### Task:
Your task is to restate word for word the lines in the material below, from the one with "Miu Miu Vintage" up to and including the one with "Walton MBA Insider". Do not carry over the pictures.

### Data for review:
"""
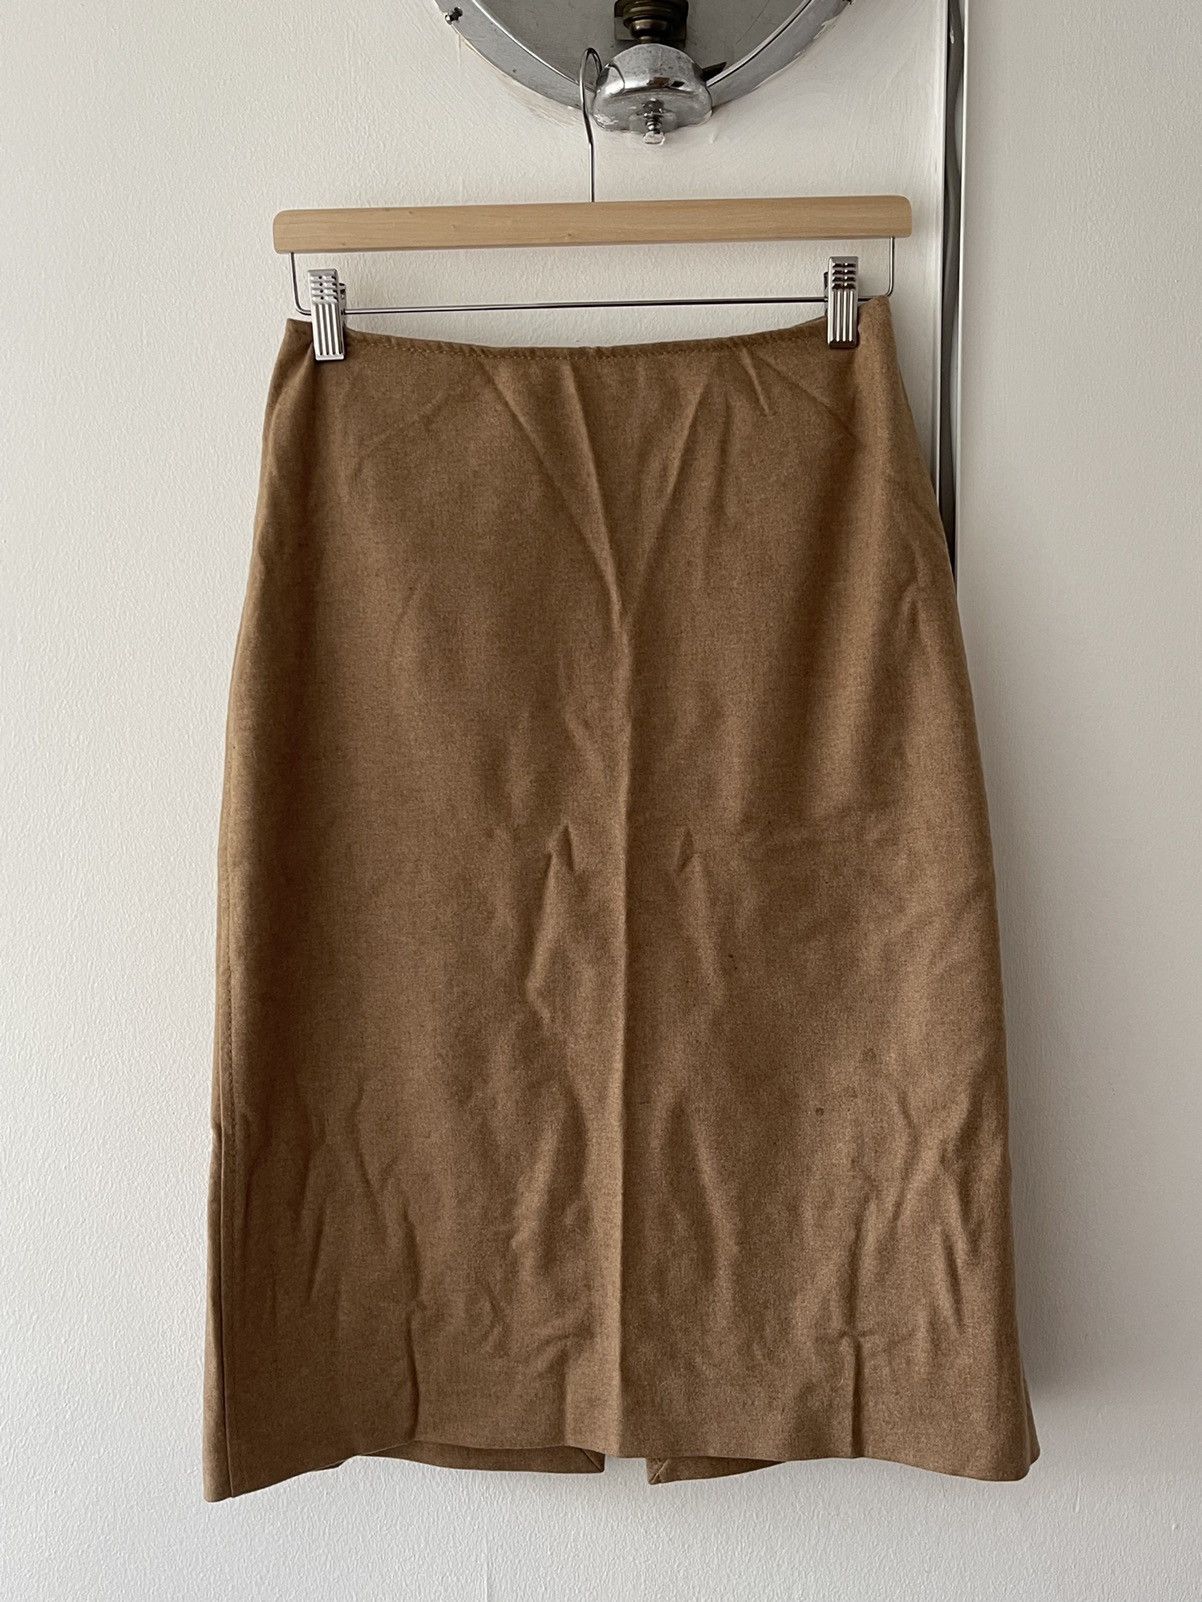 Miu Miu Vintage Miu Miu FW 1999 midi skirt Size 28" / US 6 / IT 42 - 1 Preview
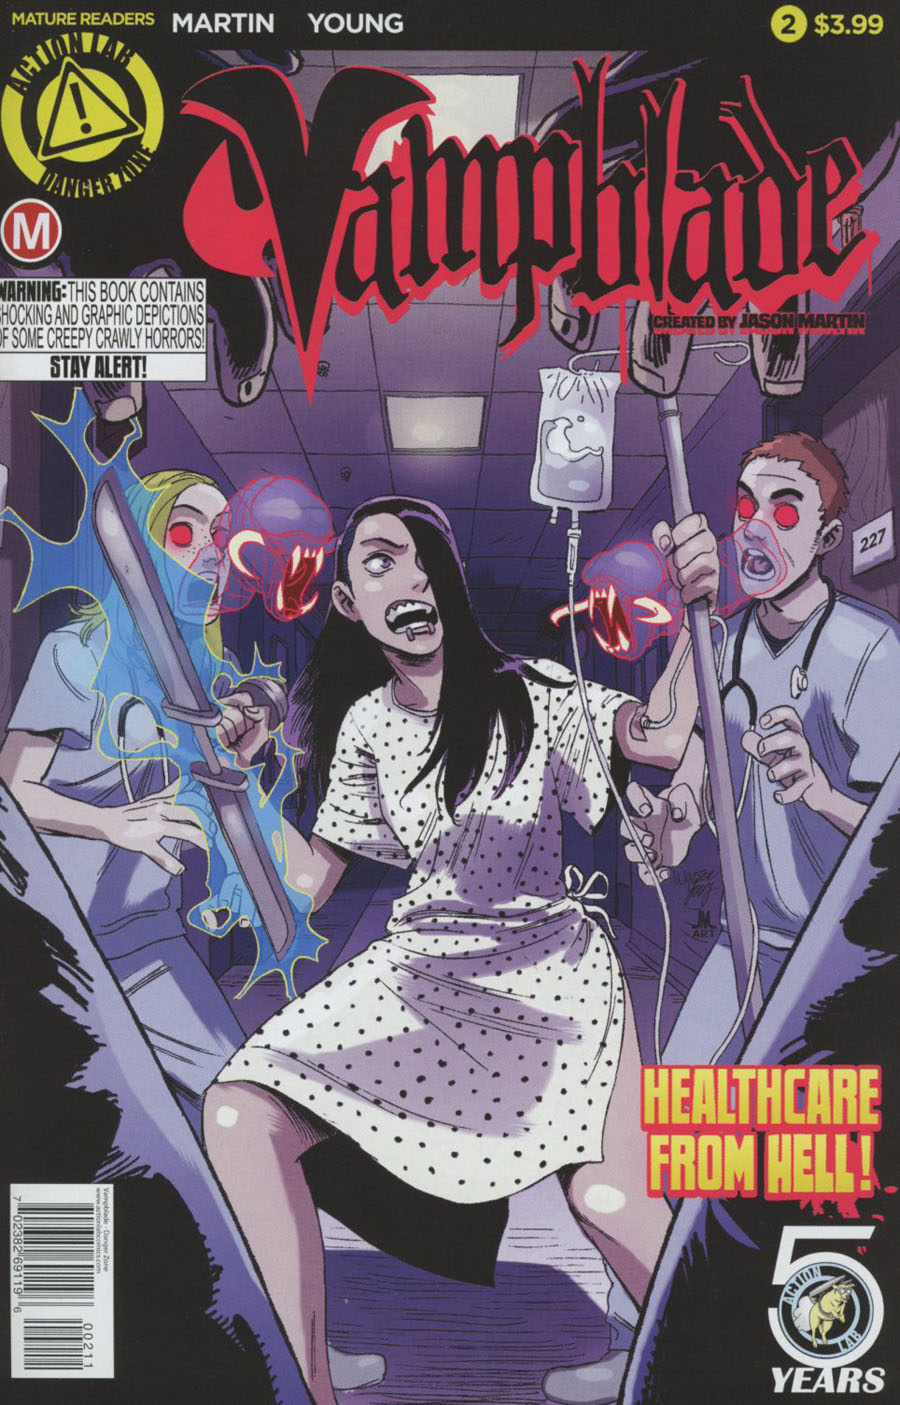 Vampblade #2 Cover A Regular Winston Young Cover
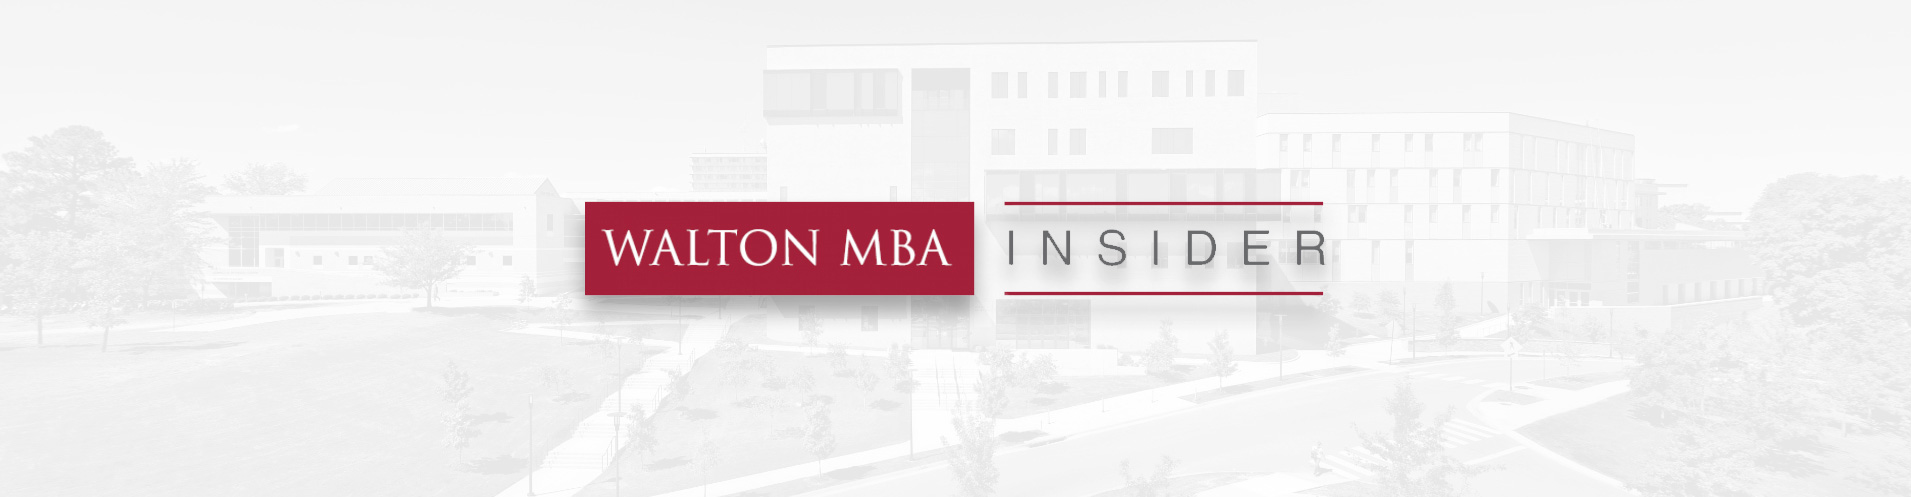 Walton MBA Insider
"""
"""
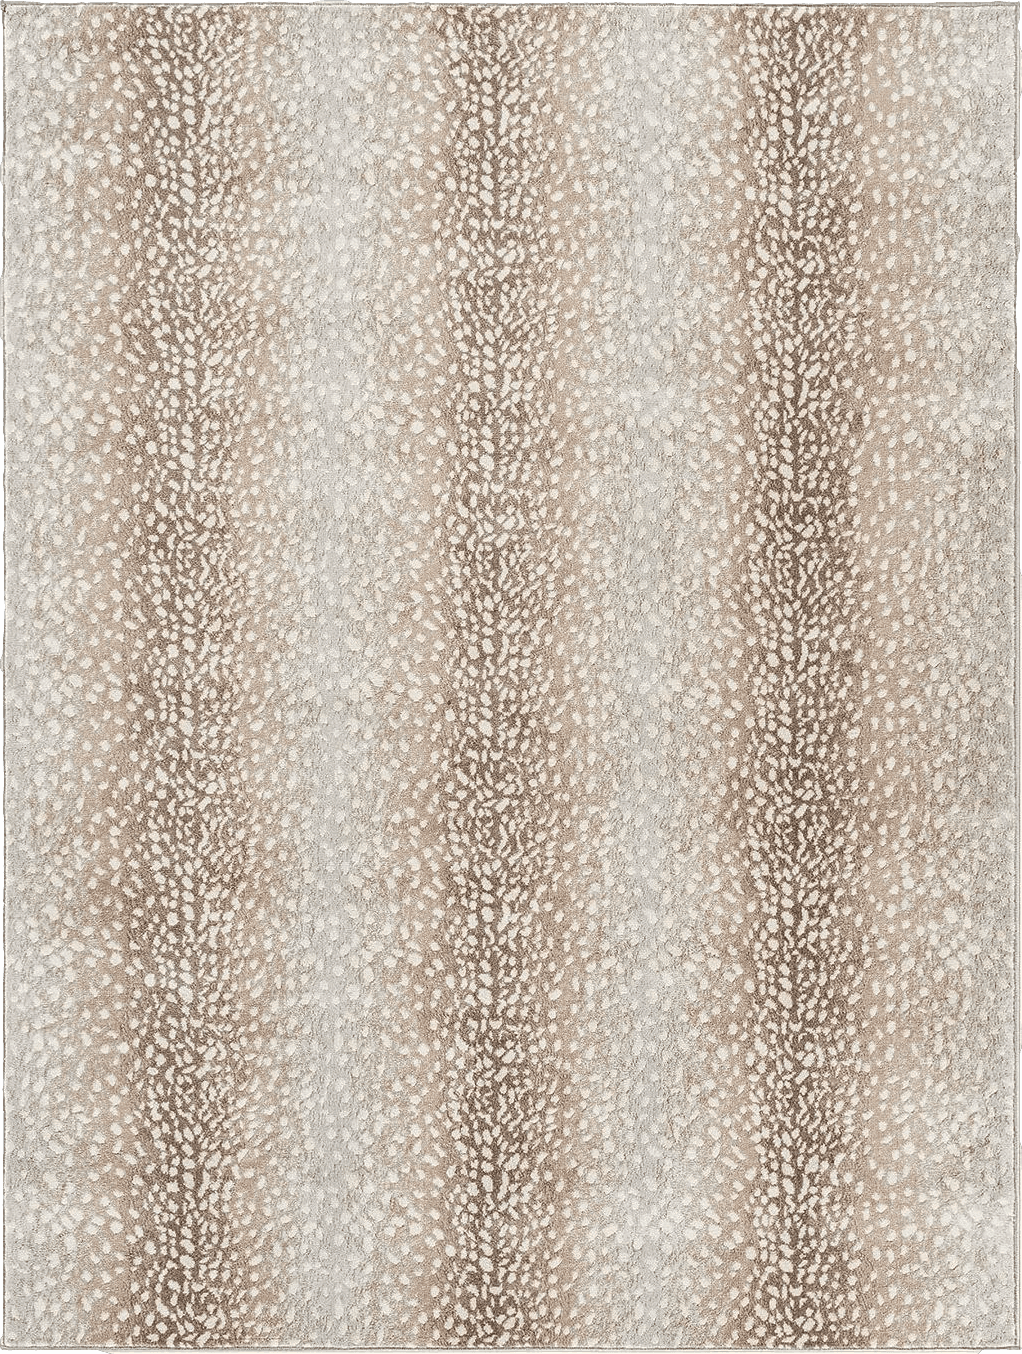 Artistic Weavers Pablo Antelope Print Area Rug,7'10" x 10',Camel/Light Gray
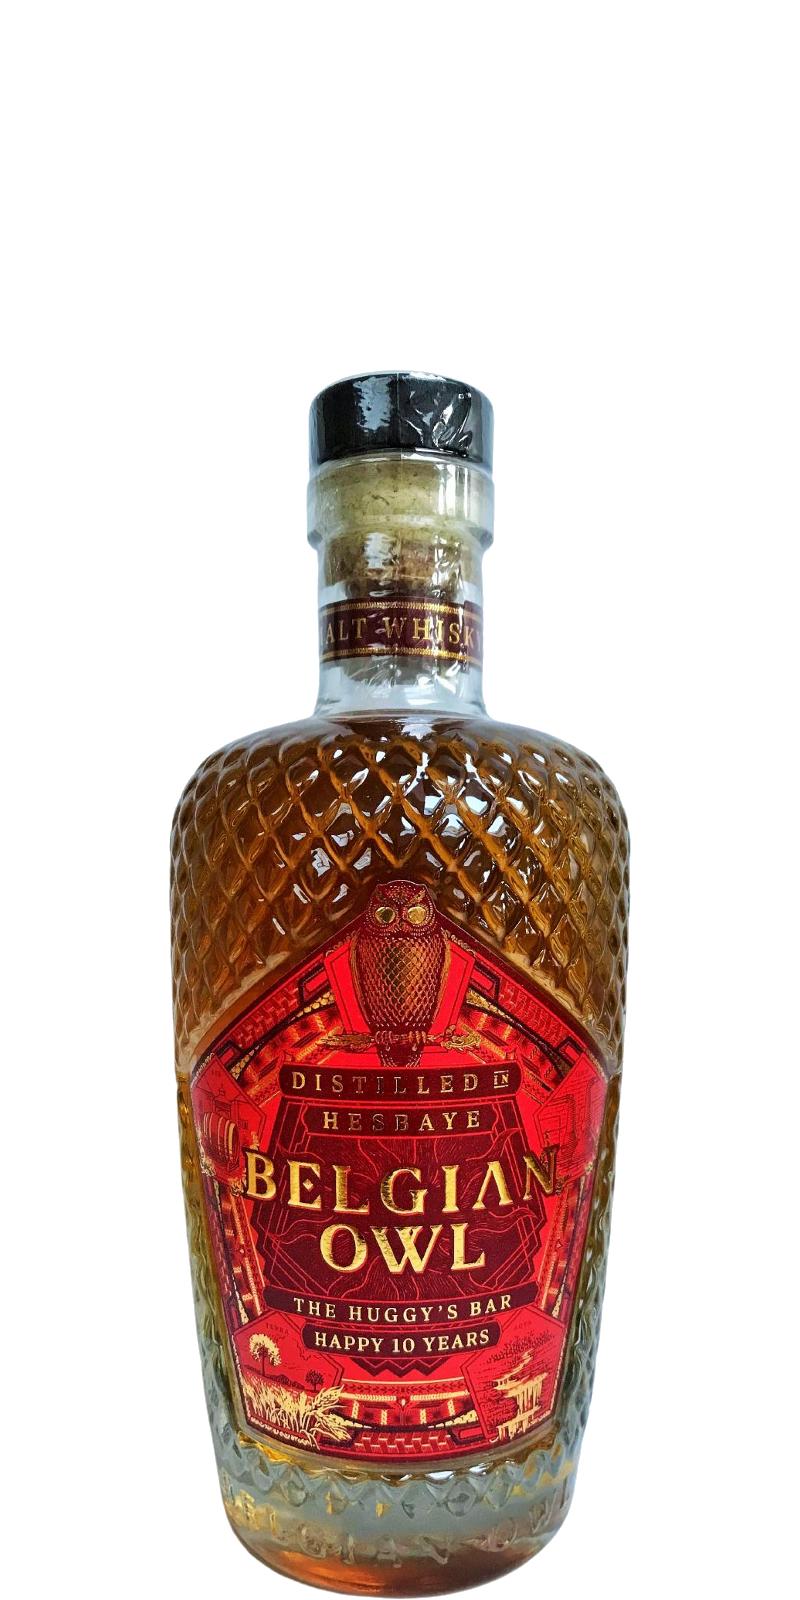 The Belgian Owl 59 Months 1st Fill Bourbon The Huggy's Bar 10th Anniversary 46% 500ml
"""
"""
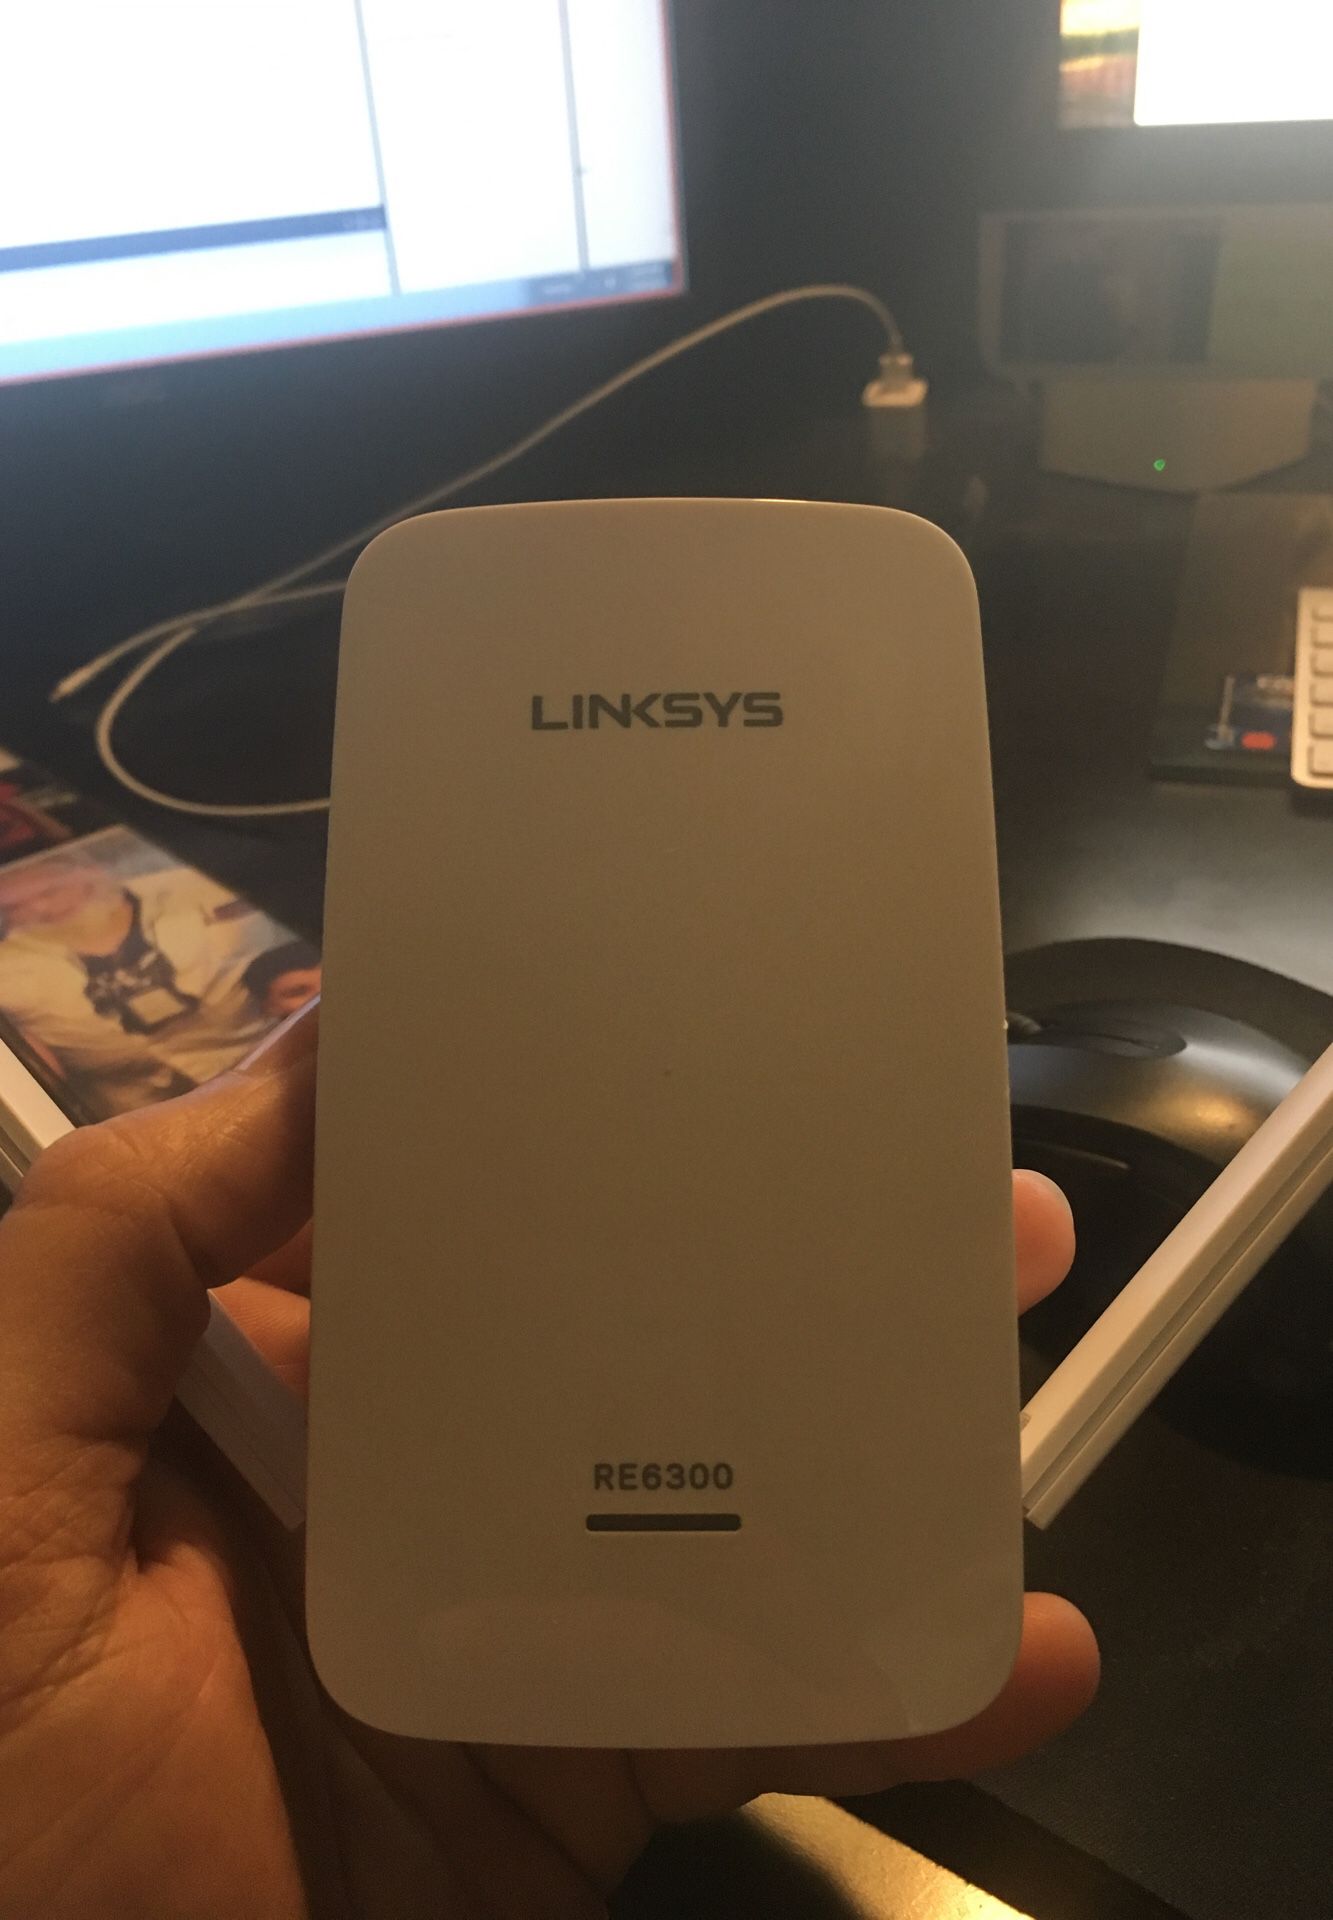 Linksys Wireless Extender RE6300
"""
### Solved exercise:
 Miu Miu Vintage Miu Miu FW 1999 midi skirt Size 28" / US 6 / IT 42 - 1 Preview
 Vampblade #2 Cover A Regular Winston Young Cover
 Walton MBA Insider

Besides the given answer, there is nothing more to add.